Studentmund(2011) states that a major problem with R2 is that adding another independent
variable to a particular equation can never decrease R2. In order to solve this problem, the
degrees of freedom are introduced into the calculation of R2 which have developed the adjusted
R2. The highest possible adjusted R2 is 1, the same as for R2, while the lowest possible adjusted
R2 can be slightly negative. The result of adjusted R2 for this model is 0.7135, which is less than
the original R2.
Multicollinearity
Multicollinearity is a situation in which two or more variables in a multiple regression model are
highly correlated. According to Studenmund(2011) the major consequences of multicollinearity
are:
1. Estimates will remain unbiased.
2. The variances and standard errors of the estimates will increase.
3. The computed t-scores will fall.
4. Estimates will become very sensitive to changes in specification.
5. The overall fit of the equation and the estimation of the coefficients of non-muticollinear
variables will be largely unaffected.
In order to detect whether multicollinearity existed in the model, the variance inflation factor
(VIF) test is used. The VIF is a method of detecting the severity of multicollinearity by looking
at the extent to which a given explanatory variable can be explained by all the other explanatory
variables in the equation. There is a VIF for each explanatory variable in an equation. The higher
the VIF, the more severe the effects of muticollinearity. In general, if VIF >5, the
multicollinearity is severe. The VIF results of this model that Stata produced is an average score
of 2.18 which is less than 5. Therefore, multicollinearity is not a big problem in this model.
Specification
According to Studenmund(2011), one of the most used formal specification criteria other than R2
is the Ramsey Regression Specification Error Test (RESET). It is a general test that determines
the likelihood of an omitted variable or some other specification error by measuring whether the
fit of a given equation can be significantly improved by the addition of Y2, Y3 and Y4.
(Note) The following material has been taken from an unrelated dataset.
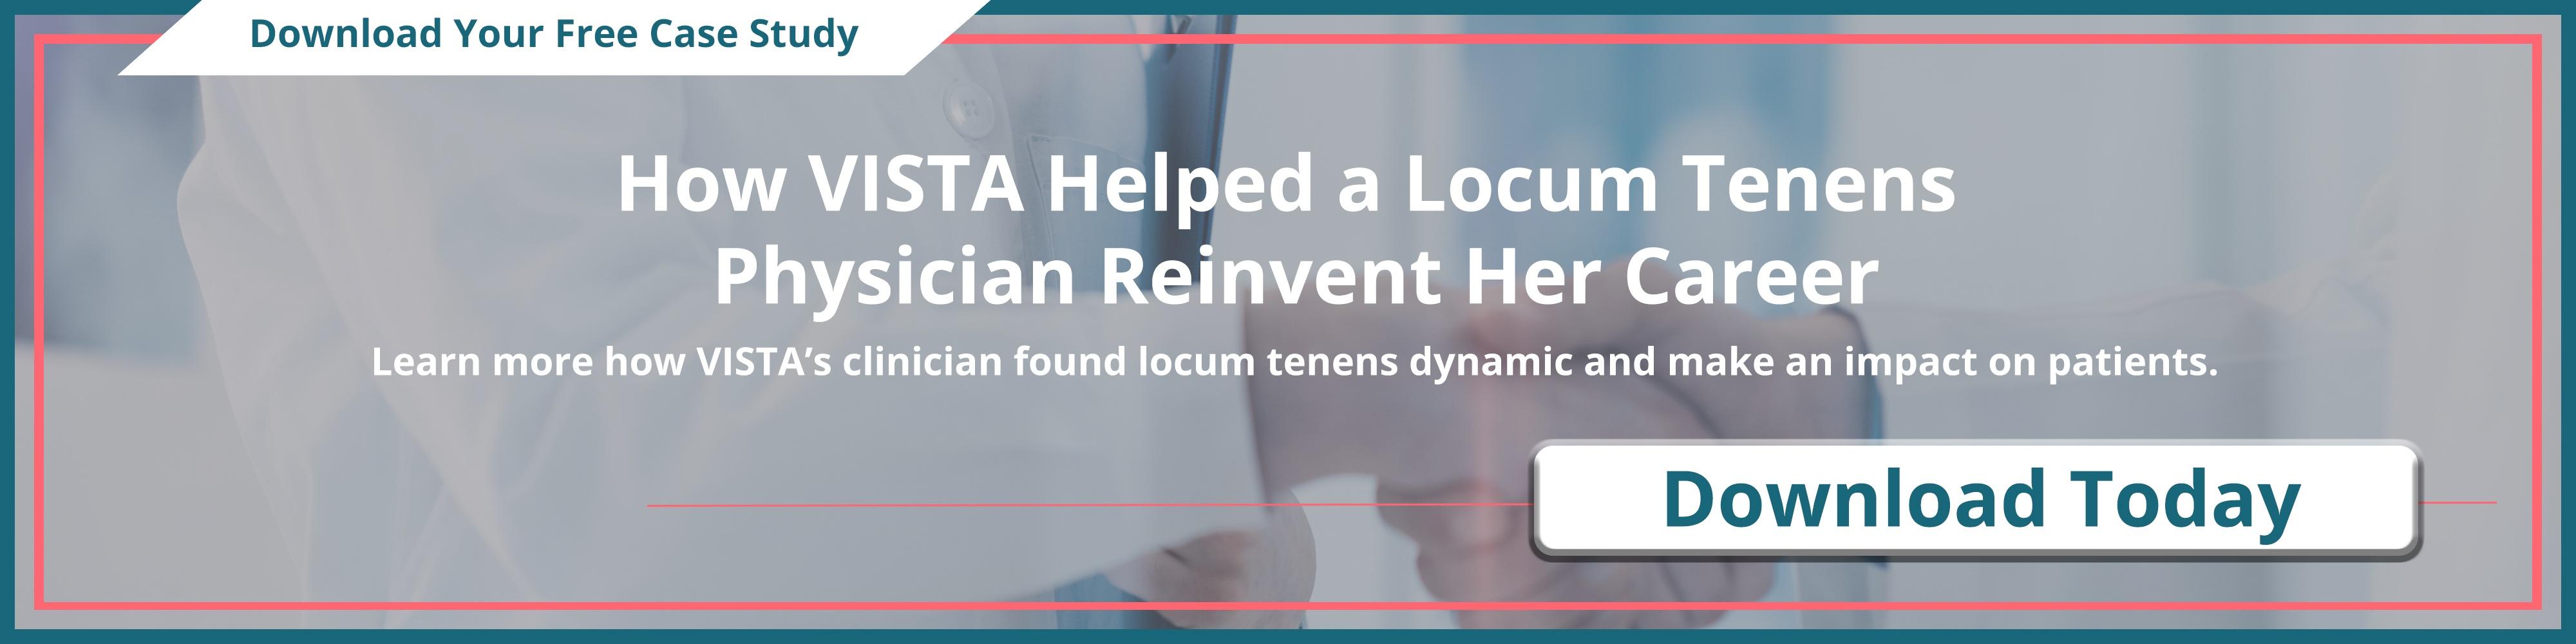 VISTA Helped a Locum Tenens Physician Reinvent Her Career

Yi = β0 + β1X1i + β2X2i + β3X3i + … + β23X23i + β24X24i +єi
Yi = β0 + β1X1i + β2X2i + β3X3i + … + β23X23i + β24X24i + β25Y25i2 + β26Y26i
3 + β27Y27i4 + єi
Compare the fits of these two equations using the ovtest.
H0: β25= β26 = β27 = 0
HA: Specification Error
The F-test result from Stata is 48.98, while the critical value acquitted from table is 2.60.
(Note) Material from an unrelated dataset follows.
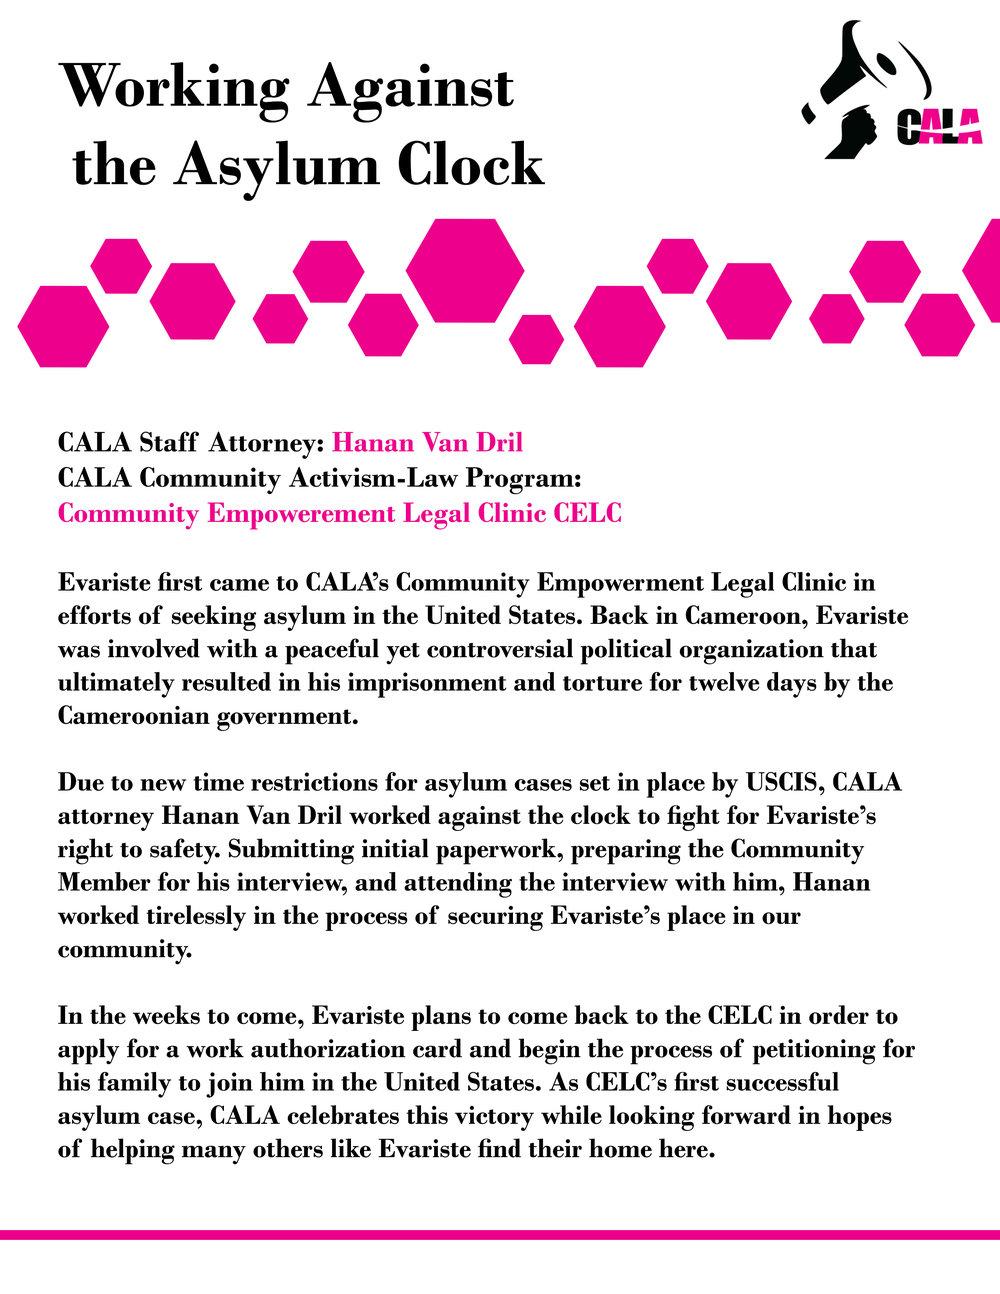 working againts the asylum clock pg 1.jpg

Therefore, the null hypothesis is rejected, there are omitted variables exist in this model. This
conclusion is not surprising because there are a number of determinants that could be considered
when analysing the price of used cars, for example, number of previous owners and services. In
addition, the Ramsey RESET test can prove that a specification error is likely to exist but it does
not specify the details of that error.
Serial Correlations
Studenmund(2011) states serial correlation or autocorrelation is the observations of the error
term are correlated with each other. Usually, econometricians focus on first-order serial
correlation, in which the current observation of the error term is assumed to be a function of the
previous of the error term and a not serially correlated error term: єt = pєt-1 + ut (-1< p <1)
The major consequence of serial correlation is the bias in the OLS estimates which leads to
unreliable hypothesis testing. The most common method of detecting serial correlation is the
Durbin-Watson d test; it uses the residuals of an estimated regression to test the possibility of
serial correlation in the error term.
The null and alternative hypotheses are set up as follows;
H0: No serial correlation.
HA: serial correlation.
The appropriate decision rule is reached by comparing the test statistic against critical values (d l
and du) from the Durban- Watson tables. The decision rule is;
If d < dl reject H0
If d > du Do not reject H0
If dl ≤ d ≤ du Inconclusive
Stata produced a figure of 1.364915 for the Durban- Watson d test. There are 188 observations in
the model with 8 explanatory variables. However, in the tables it only accommodates for 7
explanatory variables and 100 observations. The closest critical values obtained from the tables
were: dl =1.53, du =1.83. And 1.36 < 1.53, therefore reject H0. It means serial correlation do exist
in the model.
The Classical Assumptions of OLS
As Studenmund( 2011) states the assumptions blow:
Assumption 1: The regression model is linear, is correctly specified, and has an additive error
term.
The regression model does not have to be linear in the variables, however, it is assumed
to be linear in the coefficients. There are two addition requirement must be held. First, the
equation is correctly specified, it cannot work if it has an incorrect functional form or an
omitted variable. Second, a stochastic error term which is additive and cannot be
multiplied or divided by another variable.
Assumption 2: The error term has a zero population mean.
A stochastic error term is added to the regression equations to account for the variation in
the independent variable that cannot be explained by the model. The average value of the
entire population of the stochastic error term is assumed to be zero. In order to allow for
the possibility that the population error will not be zero a constant term is added to the
equation and it forces the mean of the error term to be zero.
Assumption 3: All explanatory variables are uncorrelated with the error term.
If an independent variable was correlated with the error term, the variation in Y would
actually come from the error term instead of X.
Assumption 4: Observations of the error term are uncorrelated with each other.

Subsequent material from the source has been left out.